RNA sequence-structure alignment is one of the basic research contents in bioinformatics. Through the similarity comparison of RNA sequences and structures, people are able to find the functional and evolutional information hiding in RNA sequences. This has vital researching significance in the classification of RNA sequences, the prediction of RNA secondary structures and finding conserved regions in sequences.

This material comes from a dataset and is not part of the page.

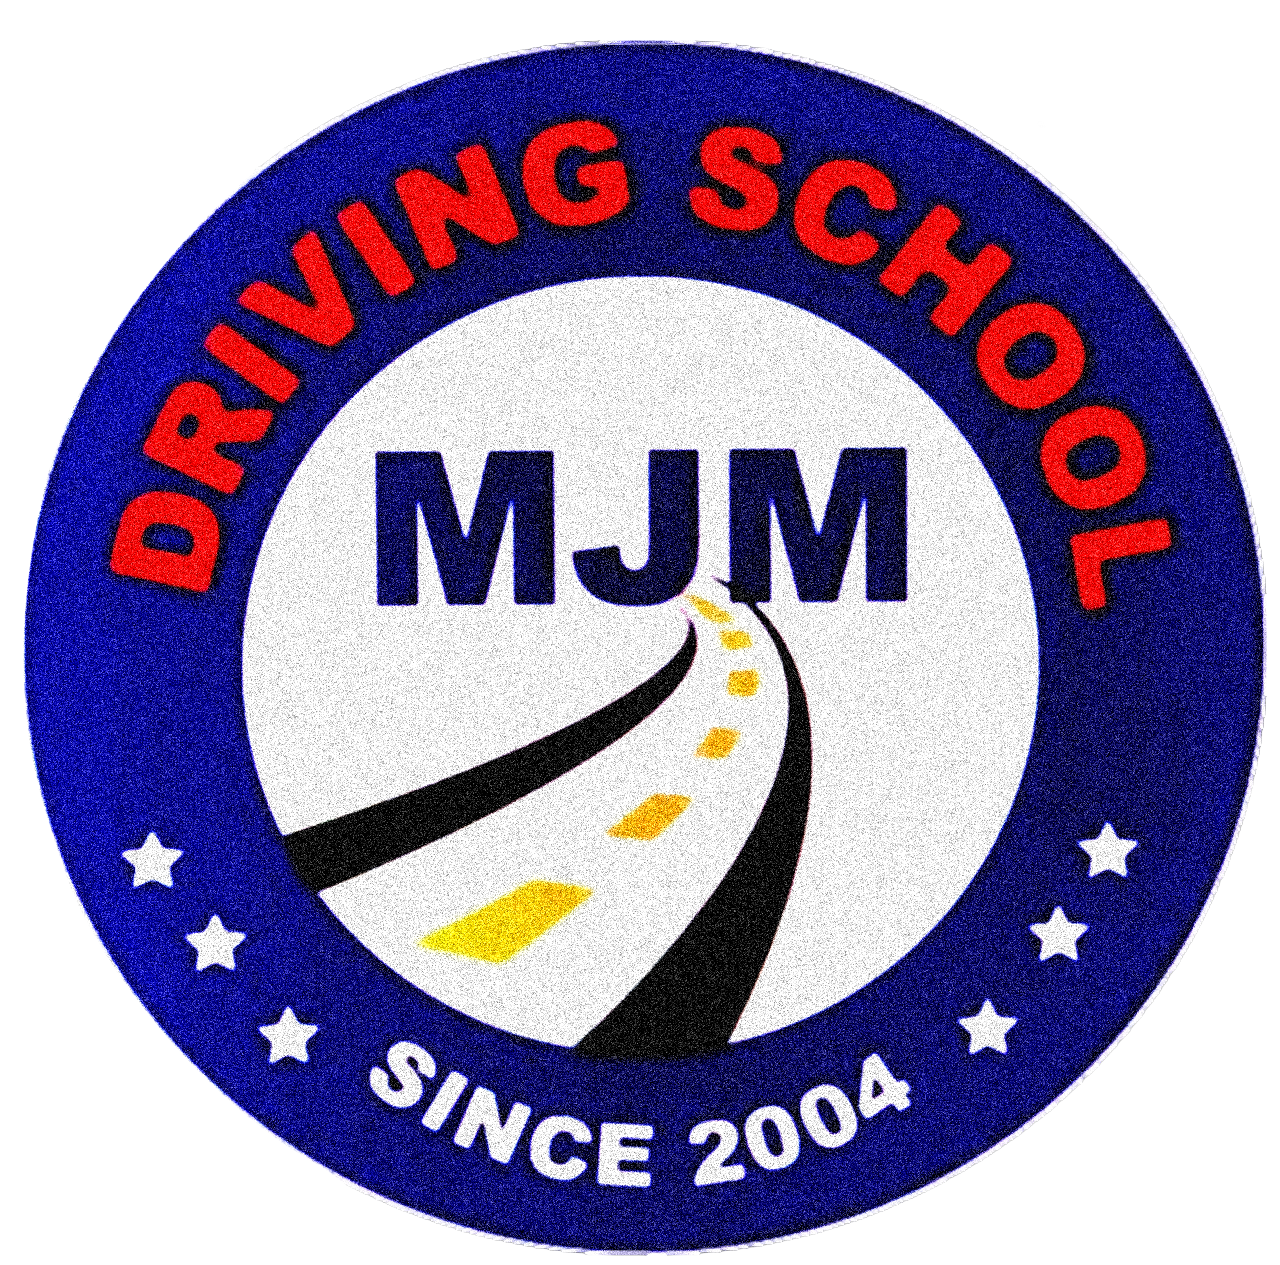 MJM Driving School

     The paper first introduces the basic knowledge of the RNA sequence and structure, gives the detailed description of RNA sequence-structure alignment problems, analysis the existing RNA sequence-structure algorithms, and then gives analysis and comparison of present algorithms and points out the main problems of the present algorithms, describes the constructing and operating on the tree model in detail, give the relation between RNA sequence-structure and tree model.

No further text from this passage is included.